4. Y I R O

34 6 1
                                    

.
.
.
.
.
.
🎭

Dua jam duduk dikelas membuat pegal. Apalagi harus mendengar guru sejarah bersuara lembut yang seperti menina bobo kan Yiro di tempatnya. Kadang Yiro berfikir. Mengapa sejarah indonesia ada di MIA? padahal alasan ia berjuang masuk ilmu alam adalah menghindari dongeng pengantar tidur itu.

Matanya bergulir ke kanan. Sudah lah, Yiro bosan juga melihat wajah tembok yang tidak mengantuk, tidak marah, tapi juga tidak suka pada pelajaran sejarah. Ralat, lebih tepatnya pada seluruh pelajaran. Atau pada sekolah?
Bahkan Yiro yakin, jika ia melemparkan granat padanya, Mesta tetap tidak bergeming.

Dia berpaling melirik Narinci yang sekarang sudah sibuk membuat origami. Tidak memperdulikan ibu Unda yang mulutnya sudah berbusa. Ia sibuk melipat dengan berbagai bentuk. Dari bentuk bunny yang paling mudah hingga bentuk naga yang paling rumit.

"Jago ya kamu buatnya," puji Yiro sambil memperlihatkan dua jempol pada Narinci. Gadis berkucir kuda itu tersenyum.

"Lagi bosen." Narinci terkikik. Lalu kembali melanjutkan sayap kupu-kupu yang harus ia lengkungkan agar nampak sempurna.

"Banyak banget kertasnya. Beli?"

"Enggak kok. Dapet dari Bu Eni. Sisa prakarya kelas sepuluh kemarin."

"Emang nggk dimarah kamu ambil semua?"

"Saya disuruh buang sampah dari dewan guru tadi. Sampahnya penuh sama kertas origami. Kan sayang kalo di buang."

Yiro mengangguk. Lalu kembali memandang ibu Unda yang sekarang sudah diam menatap laptop. Tidak terganggu atau marah melihat sebagian besar muridnya tidur.

"Mes, makan yuk," ajak Yiro. Mesta meliriknya sekilas.

"Masih jam pelajaran." Mesta menjawab sambil memandangi buku yang terbuka di hadapanya.

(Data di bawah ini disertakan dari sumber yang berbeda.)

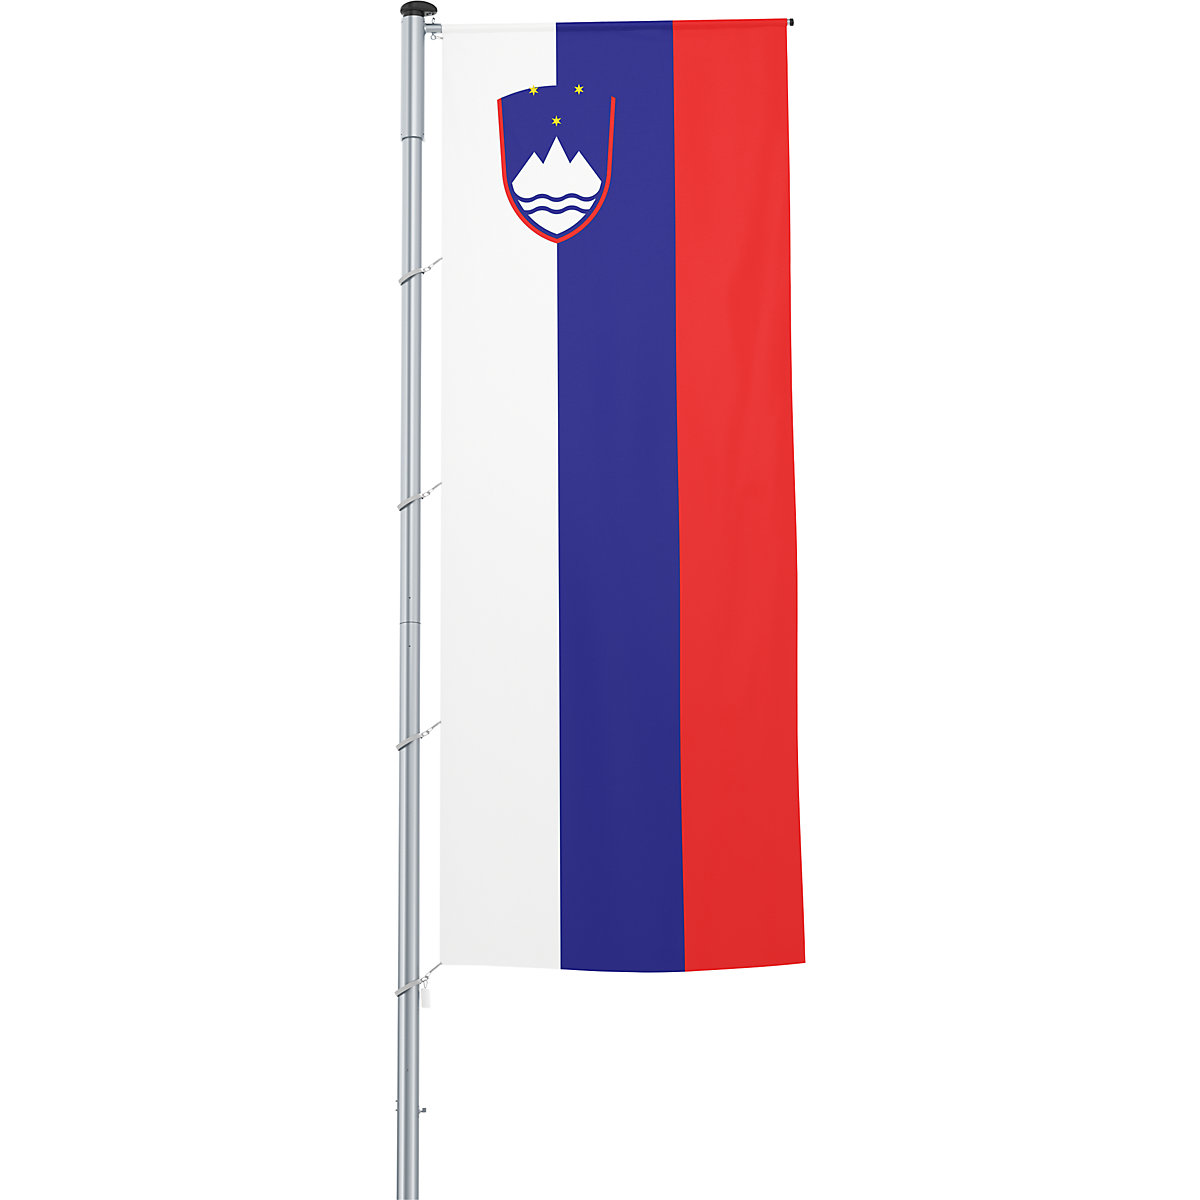 Mannus – Bandera con pluma/bandera del país, formato 1,2 x 3 m, Eslovenia

Yiro mendesah, "kalau gitu aku mau ke kantin. Nggk mau nitip?" melihat Mesta tetap bergeming, Yiro pergi meminta izin atas dasar kebelet. Namun, langkahnya menuju kantin. Yiro tidak sepenuhnya bohong kok. Dia sedang kebelet sekarang, kebelet makan.

Sepuluh menit, dan Yiro sudah masuk kembali ke kelas dengan saku yang membumbung. Narinci tersenyum lebar. Menatap ibu Unda dan Yiro bergantian.

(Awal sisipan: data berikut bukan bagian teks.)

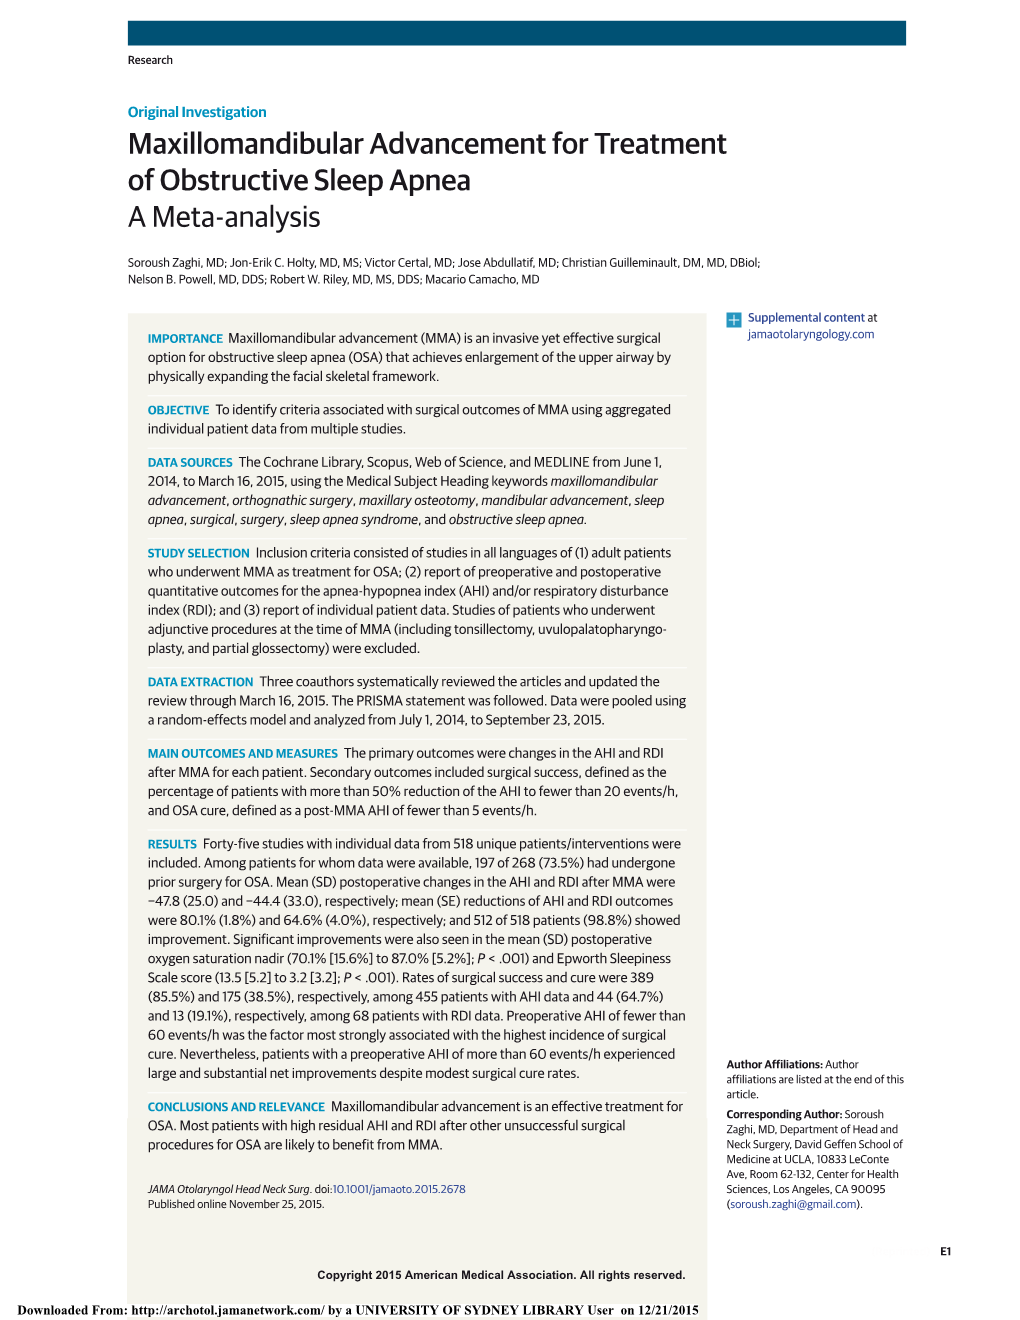 Maxillomandibular Advancement for Treatment of Obstructive Sleep Apnea a Meta-Analysis

"Cepetan." Narinci melambai-lambai sambil berbicara tanpa suara, saat ibu Unda sibuk mengerjakan sesuatu di laptop.

Yiro selamat tanpa ketahuan.

"Thanks Narin."

"Iya."

"Mau wafer?"

"Boleh." Narinci sigap menangkap sebungkus wafer yang dilempar Yiro. Lalu pemuda sipit itu kembali duduk dan menyerahkan sebungkus roti pada Mesta. Narinci memperhatikan kedua cowok di depanya, dengan mulut mengunyah wafer rasa vanilla. Ia sedikit tidak paham. Mengapa Yiro sanggup bergaul dengan Mesta yang irit bicara. Mesta juga tidak seperti teman-teman lainya yang peduli dan asik di jadikan sahabat.

Bel istirahat berbunyi. Ibu Unda mengucap salam dan pergi keluar kelas. Narinci rasa ini waktu yang tepat untuk bertanya pada Yiro. Tapi ia tidak mungkin membicarakan ini di depan Mesta. Walau Mesta sepertinya acuh tak acuh.